Decided to go early so we are packing the van today and off first thing Sunday down to Dover, not booked yet but Seafrance have 64 pound one way... 
anyone done there homework for this weekends crossing of Channel ?

away for 6 - 8 weeks off down to Morocco with Desert Detours, so got a week to get down to Algeciras to meet up with fellow travellers


----------



## bognormike (May 10, 2005)

We came back on Tuesday, and it was surprisingly easy. We were booked for 11:50 but got there at 9:00. and were sent straight through - on at 10:03. They are running trains every 2 hours, but apparently run 2-3 trains in convoy to get people through.

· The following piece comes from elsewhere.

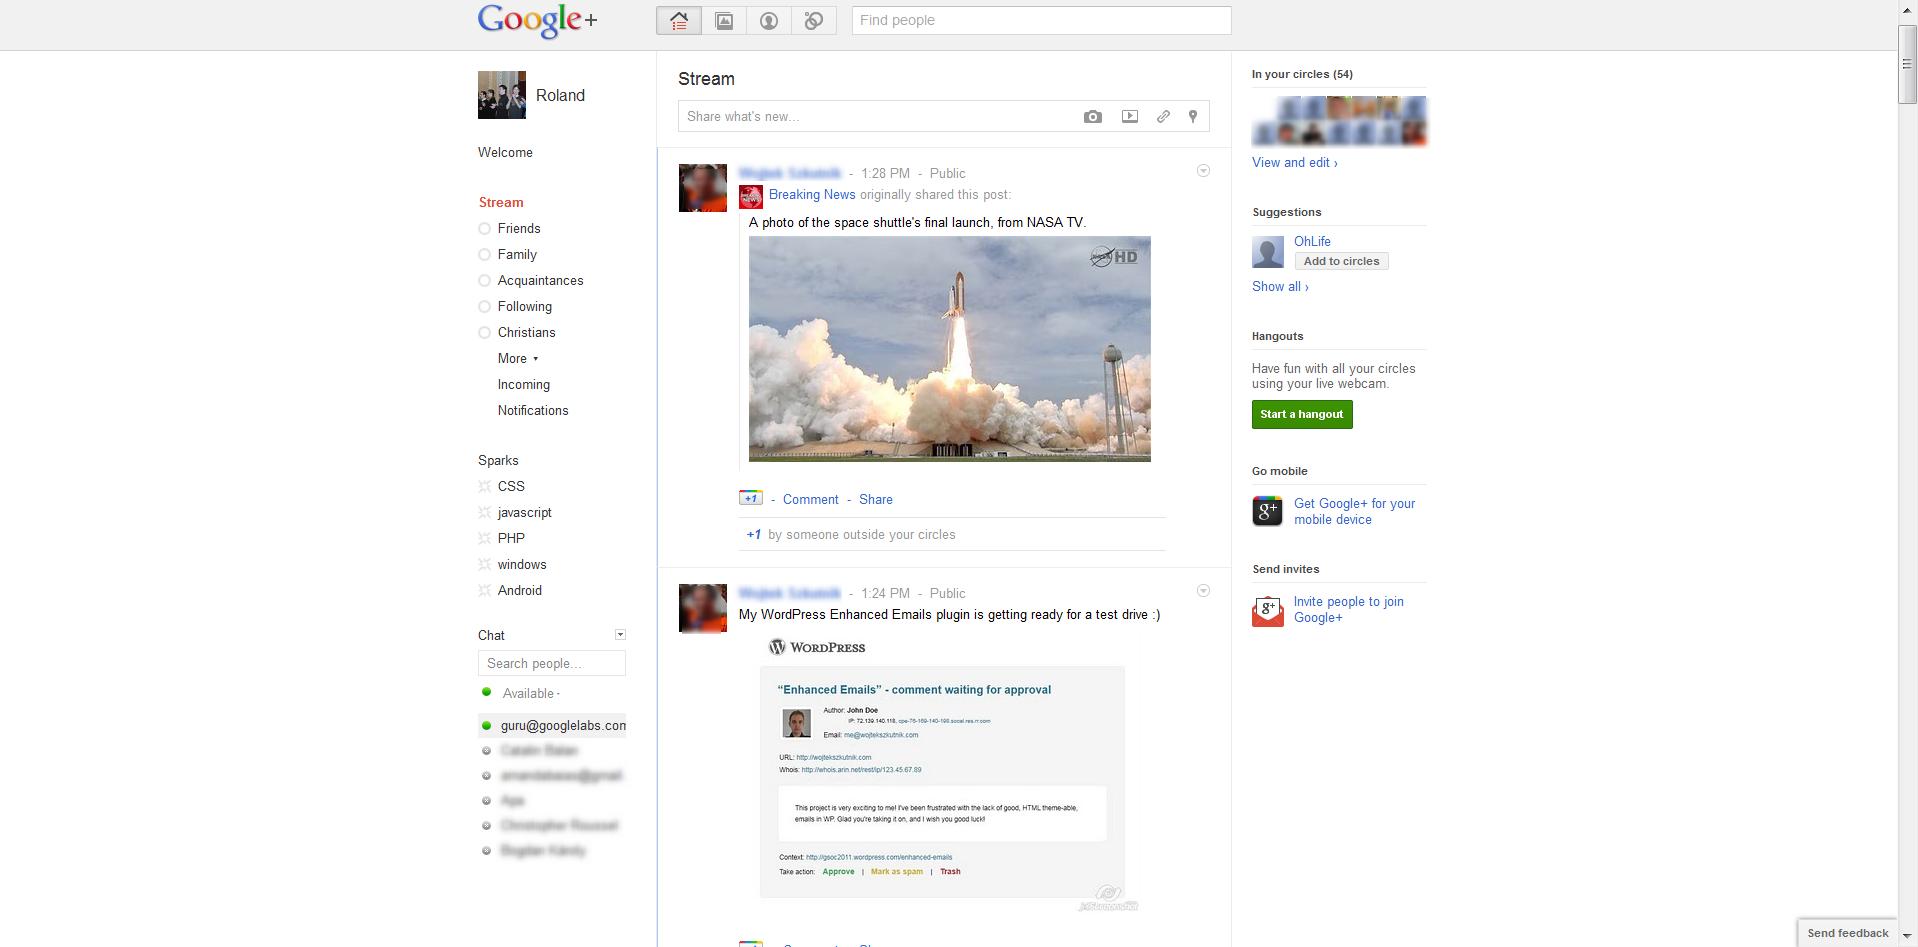 Google+ Main Page

A bit tough if you just miss one, but no real problem. 

We did smell smoke going through - presumably it'll take a while to clean it out.


----------



## olley (May 1, 2005)

Hi Gd on our return from hols last week we needed to alter our booking with P&O as we where returning some weeks early, instead of just a £10 alteration fee we where quoted £50 8O 

When I aked why, I was told it was because we where traveling at a higher tariff time, (18.25 on a monday) so I said ok we will go later, the reply was that their was no cheaper tariff time.

Sounds to me that P&O have dropped cheaper tariffs while the tunnel has problems, ripoff time.

On landing at Dover the port was absolutly stuffed with lorries in the port and backed up through the town.

Olley


----------



## teemyob (Nov 22, 2005)

*Tunnel*

Hello,

Are they taking Tesco Bookings now?

Trev.


----------



## vicdicdoc (May 14, 2005)

We came back from Calais [Seafrance] yesterday morning - no problems and all seemed to be running ok


----------



## telboy1 (Nov 3, 2007)

We rang up yesterday and used our Tesco Vouchers for the 5th Dec without any problems
Dawn x


----------



## javea (Jun 8, 2007)

Checked our reservation with the tunnel for 2nd October, told to turn up 45 minutes before our booked time and they are running trains every 2 hours.


----------